Adrien Chapon, actuel maire de Saint-Paul, conteste les chiffres avancés par Isabelle Fardoux-Jouve, candidate pour les élections municipales de 2026 avec sa liste "Réunis pour Saint-Paul". Lors d'une récente déclaration, il a souligné : "En tant que maire en exercice, je ne peux pas laisser raconter des salades pareilles", en réponse à l'évaluation d'une dette de 1 500 € par habitant. Le maire précise que la dette, à la clôture du compte administratif 2024, se chiffre plutôt à 104 000 €, soit environ 329 € par habitant (selon Midi Libre du 5 février).
Une bataille de chiffres à l’approche des municipales
Dans une atmosphère électorale tendue, le maire insiste sur le fait qu'il a collaboré avec son adjointe aux finances pour vérifier ces chiffres. "Nous ne savons pas d'où ils sortent, peut-être ont-ils oublié que l'an dernier, nous avons éteint un crédit de 160 000 € et régularisé une écriture de 120 000 € suite à un transfert de compétences", a-t-il ajouté. Sur un plan politique, Adrien Chapon admet qu'il n'a "aucune animosité contre qui que ce soit, c'est le job", mais critique la façon dont cette question a été abordée : "Ils auraient pu, plutôt, attaquer la variabilité de notre capacité de financement. Nous avons des chiffres à l'apparence défavorable parce que nous mettons en œuvre des projets ambitieux, mais bien financés". Il souligne que ces choix expliquent les fluctuations de la trésorerie, mais démontre également une démarche dynamique pour l'avenir de la commune.

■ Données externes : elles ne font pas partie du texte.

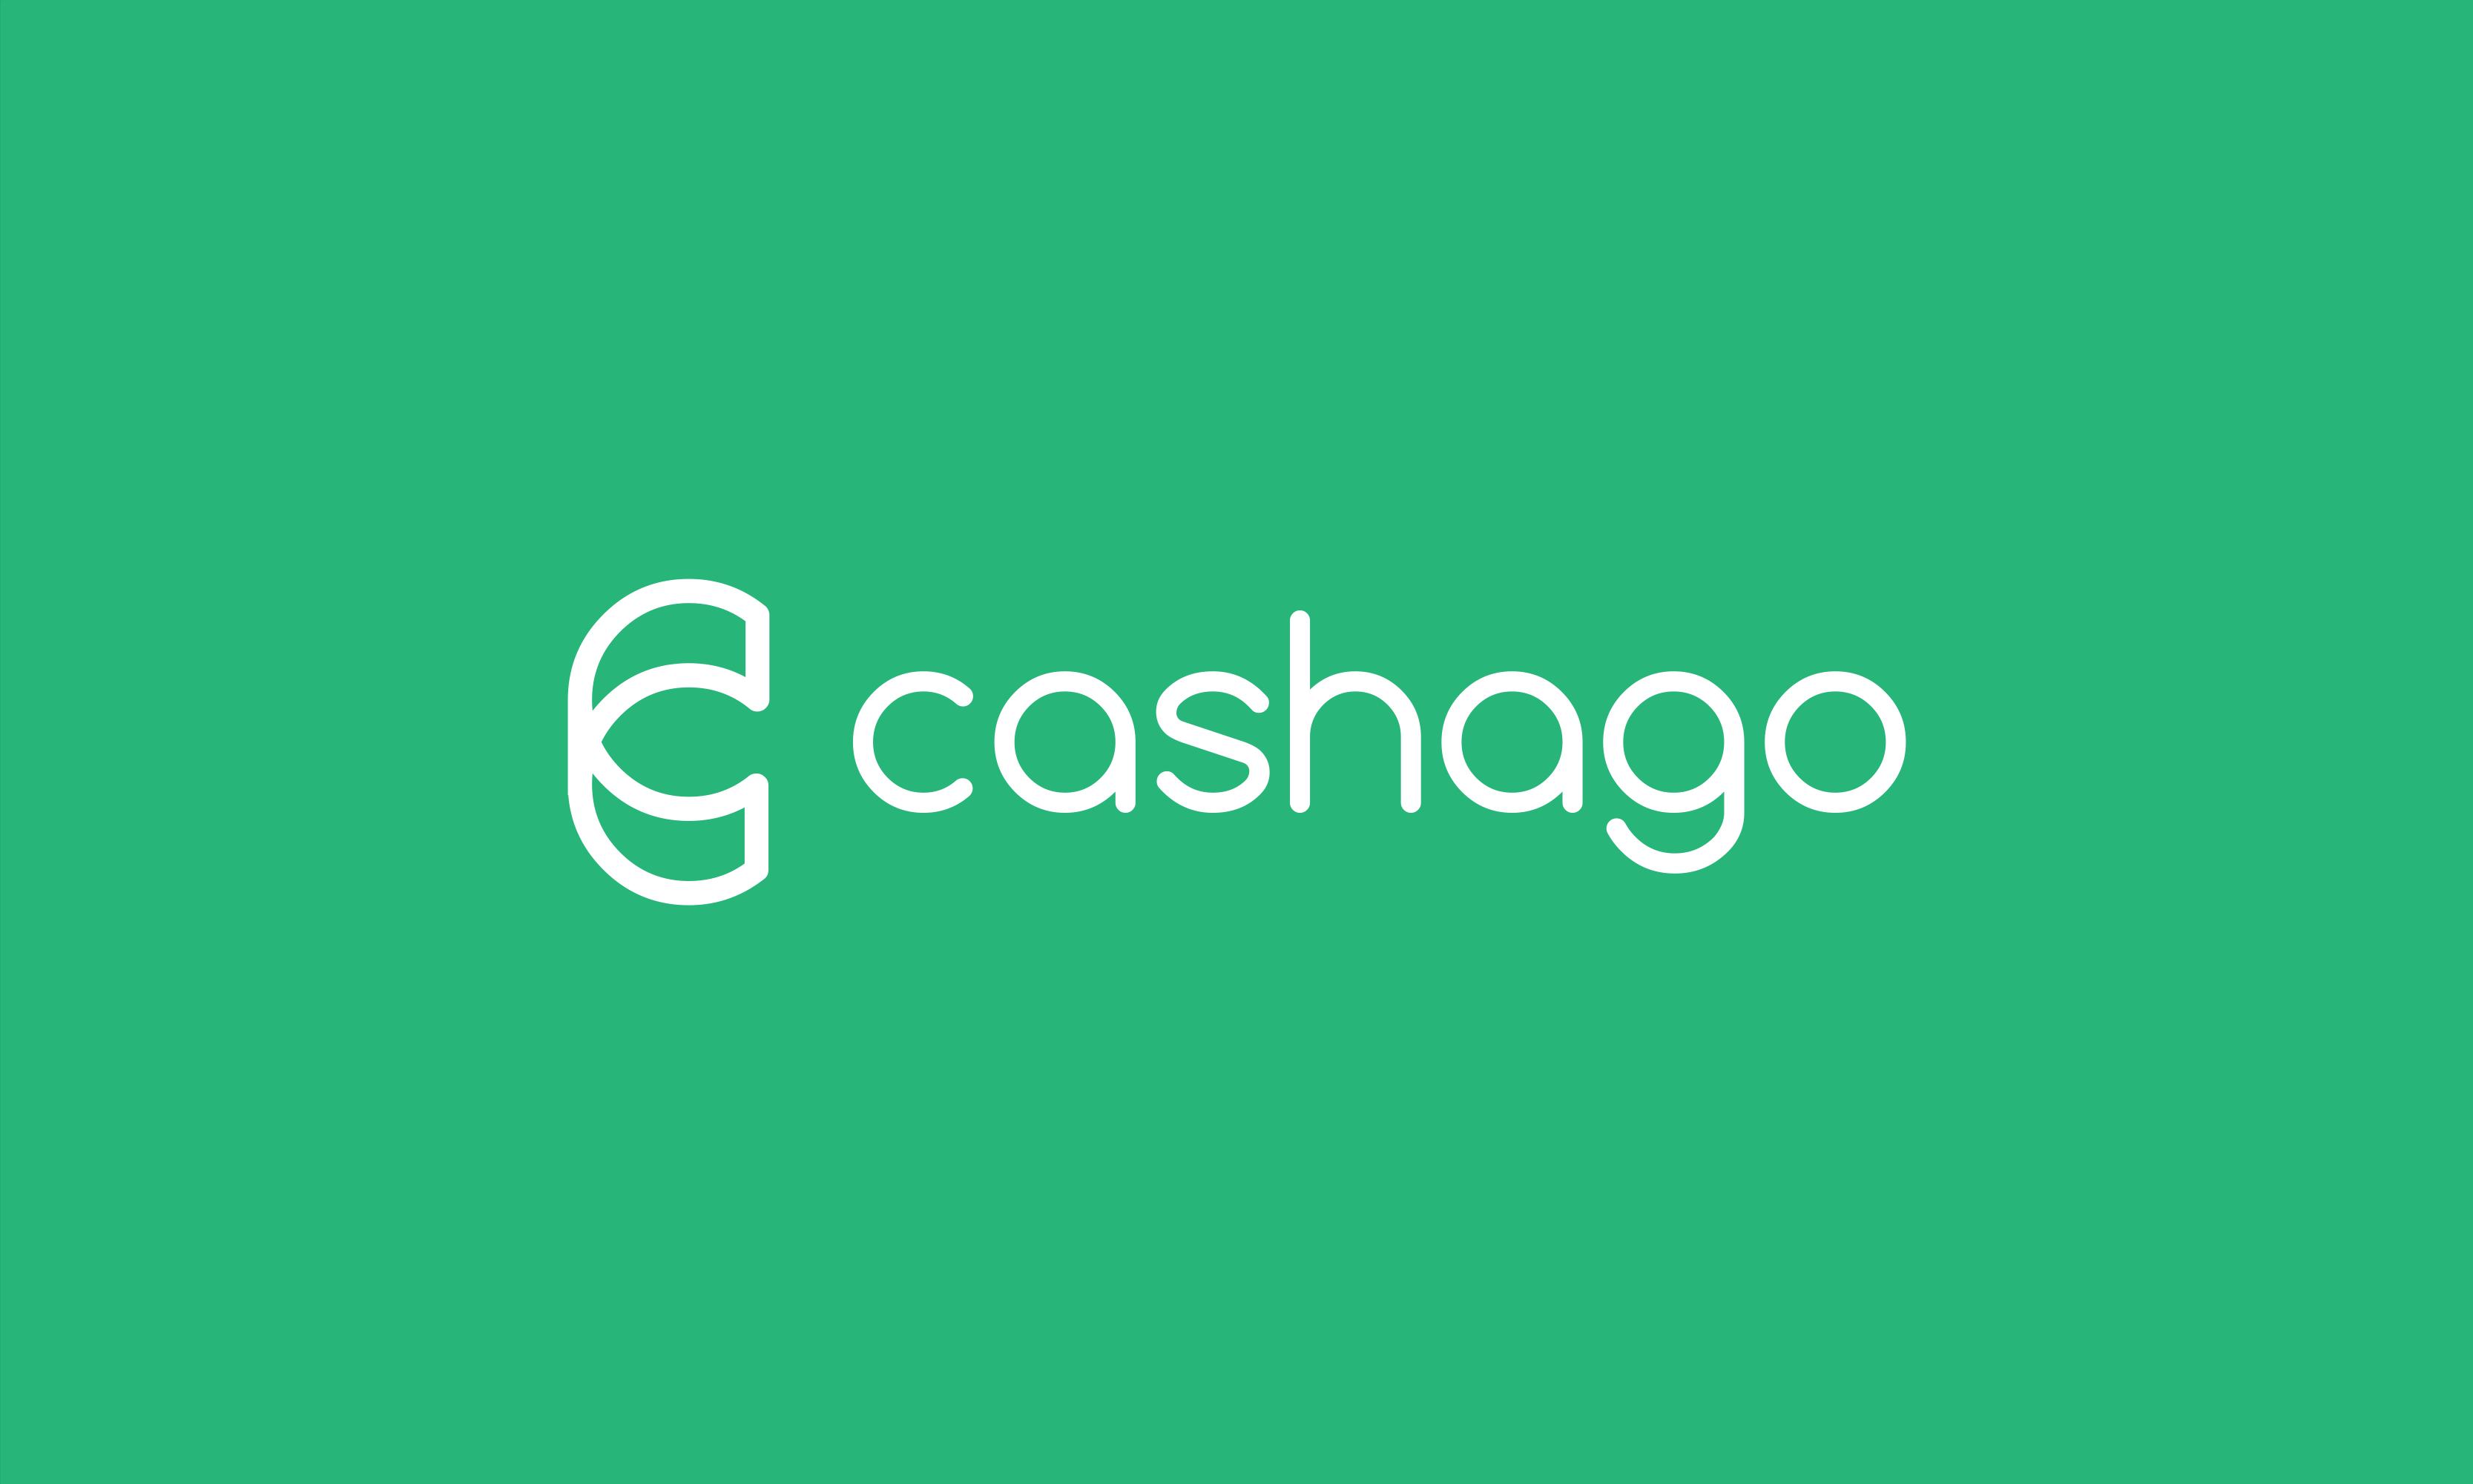 cashago logo

En effet, bien que de nouveaux emprunts soient à prévoir pour relancer les investissements et ce qui pourrait donc augmenter la dette par habitant, cela n'affectera pas la ligne politique de l'équipe municipale arrivée en 2020. "À cette époque, nous avons constaté un budget en suréquilibre d’environ 450 000 €. Plutôt que de dépenser cet excédent, nous l'avons utilisé comme levier pour obtenir davantage de subventions, évitant ainsi des dépenses superflues", a-t-il précisé.